Aber der Einsatz von Air Capture zur verbesserten Ölgewinnung wirft immer noch einige echte Bedenken auf.
Kritiker sagen, dass die Praxis dazu beitragen wird, eine Industrie zu erhalten, deren Hauptziel weiterhin darin besteht, fossile Brennstoffe aus dem Boden zu holen, was unweigerlich umfassendere Klima- und Umweltziele untergräbt. Darüber hinaus ist nicht klar, ob die durch solche Anlagen ermöglichten verbesserten Ölrückgewinnungsoperationen andere, schmutzigere Rückgewinnungsoperationen ersetzen würden, die sowieso stattgefunden hätten, oder den Gesamtumfang solcher Bemühungen erweitern würden. Wenn letzteres der Fall ist, befürchten einige, dass dies das Angebot erhöhen und die Preise senken würde, was die Nachfrage und die Gesamtemissionen in gewissem Maße ankurbeln könnte.
Es ist eine kohlenstoffärmere Ölquelle als die meisten anderen Quellen im System, sagt Lashof. Andererseits löst das Ausmaß, in dem Sie die gesamte Energieressourcenbasis erweitern und das Zeitalter der fossilen Brennstoffe verlängern, das Klimaproblem offensichtlich nicht.
Aber die größere Hoffnung hier ist, dass eine verbesserte Ölrückgewinnung durch die Bereitstellung eines profitablen Geschäftspfads der Direct Air Capture-Industrie helfen könnte, die Industrie zu vergrößern, die Technologie zu verbessern und die Kosten zu senken, sagt Deepika Nagabhushan, Direktorin für dekarbonisierte fossile Energie bei der Clean Air Task Gewalt. Der große Traum ist, dass es irgendwann billig genug wird und die CO2-Preise hoch genug sind, oder andere ausreichend strenge politische Vorgaben, damit es Sinn macht, das Zeug einfach in großem Umfang unter der Erde zu vergraben.
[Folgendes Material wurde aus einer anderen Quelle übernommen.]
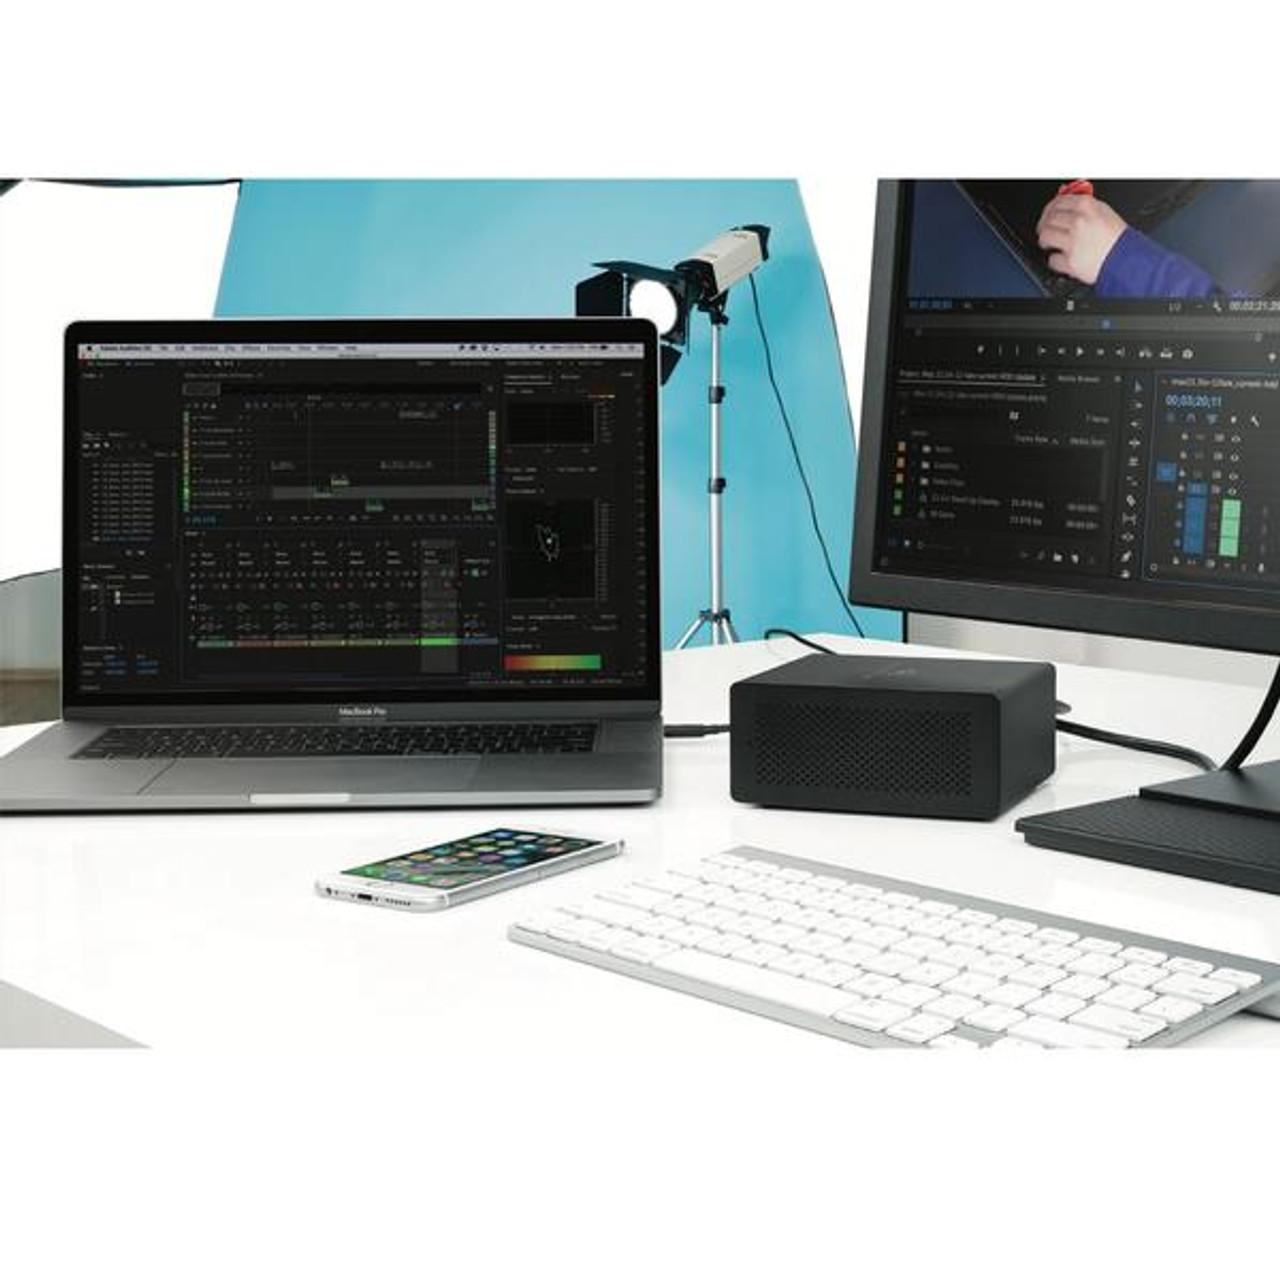 OWC Express 4M2 Enclosure for 4 x M2 SSD with SoftRAID XT Lite

Eine Analyse der Rhodium Group Anfang dieses Monats veröffentlicht Schätzungen zufolge müssen die USA bis 2030 über neun Millionen Tonnen an jährlicher Direct Air Capture-Kapazität verfügen, um die erforderlichen Reduzierungen bis etwa zur Mitte des Jahrhunderts zu erreichen. Um dies zu erreichen, empfiehlt die Forschungsgruppe, dass die US-Regierung mehrere Milliarden Dollar in Forschung und Entwicklung investiert, ein Bundesmandat für Kraftstoffe aus direkter Luftabscheidung erlässt und die 45Q-Steuergutschrift für vergrabenes CO2 von 50 USD pro Tonne auf 180 USD erhöht. unter anderem Schritte.
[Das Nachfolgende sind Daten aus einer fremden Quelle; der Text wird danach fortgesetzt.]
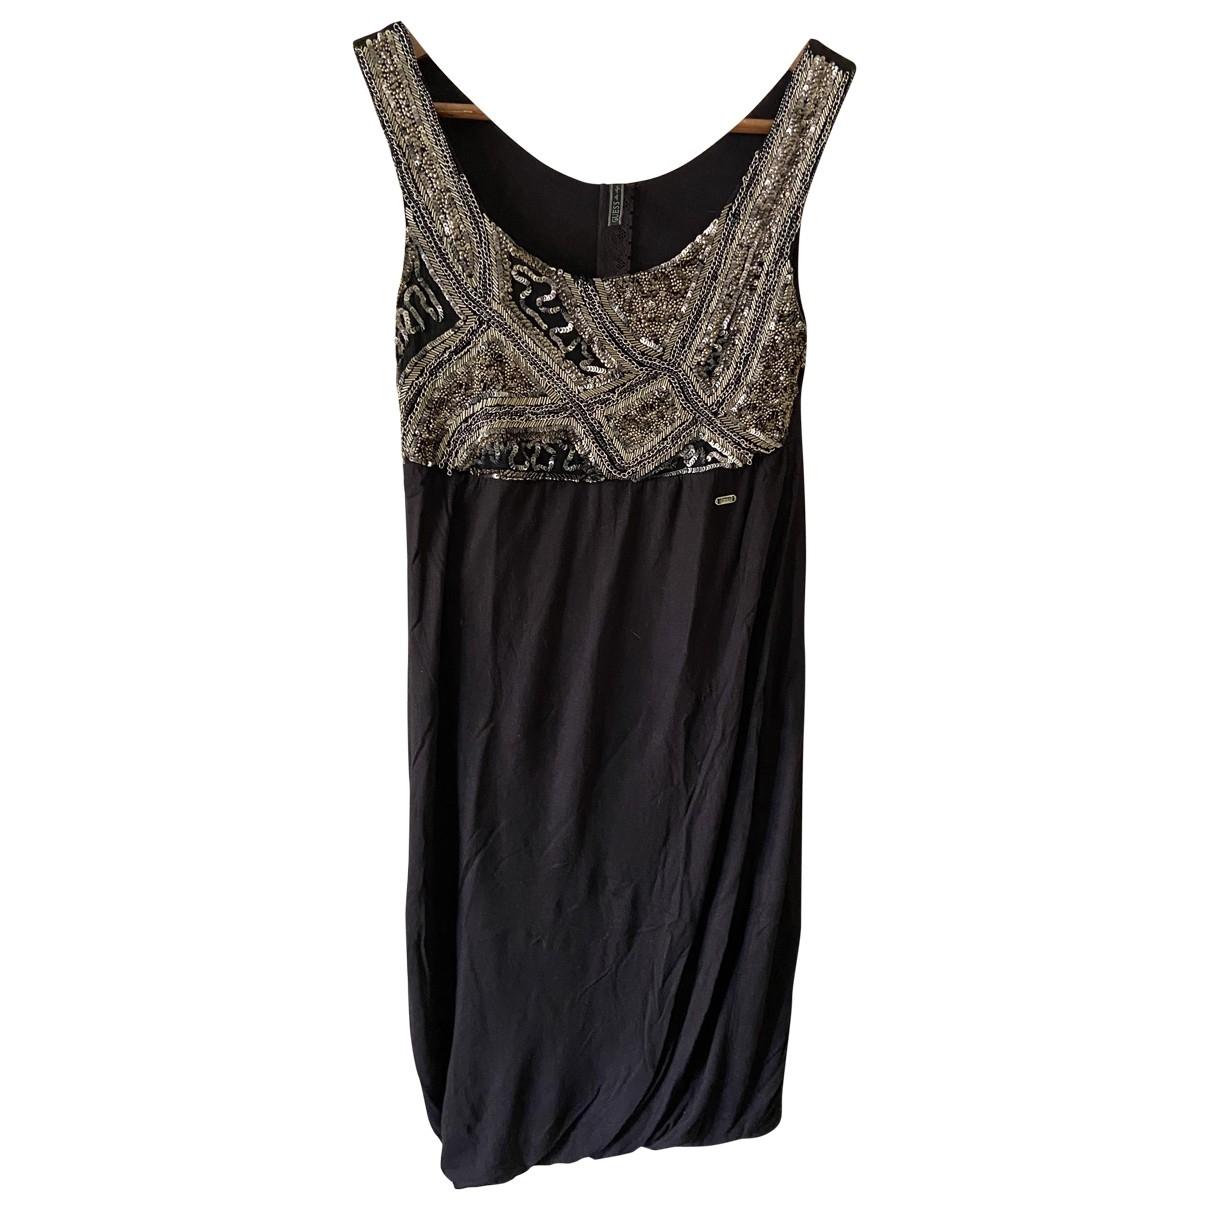 Guess \N Black Cotton dress for Women S International

Das Projekt Carbon Engineering befindet sich in der Engineering- und Designphase. Wenn es schließlich genehmigt wird, würde der Bau mehrere hundert Millionen Dollar kosten, was das Unternehmen dazu zwingen wird, zusätzliche Mittel aufzubringen, sagt Oldham. Ob Oxy über seine frühere Investition in das Unternehmen hinaus zusätzliches Kapital beisteuern wird, ist derzeit noch offen (siehe Startups, die CO2 aus der Luft saugen wollen, locken plötzlich viel Geld). Carbon Engineering geht davon aus, dass der Bau 2021 beginnen und rund zwei Jahre dauern wird.
Das Unternehmen hofft, am Standort weitere Anlagen bauen zu können, die in der Lage sind, eine Million Tonnen Kohlendioxid abzuscheiden. Carbon Engineering verfolgt auch andere Geschäftsmodelle für das abgeschiedene Gas, darunter die Herstellung eigener CO2-neutraler synthetischer Kraftstoffe oder die dauerhafte Abscheidung des CO2 im Untergrund im Auftrag von Unternehmen oder Regionen, die nach Möglichkeiten suchen, ihre Emissionen zu kompensieren.
Der Oxy-Deal bietet dem Unternehmen den Business Case, den es braucht, um das Geld für den Bau einer großen Anlage aufzubringen und zu demonstrieren, dass die Technologie in vollem Umfang funktioniert, sagt Oldham.
Dann sind wir bereit, so viele Anlagen zu bauen, wie die Welt will, sagt er.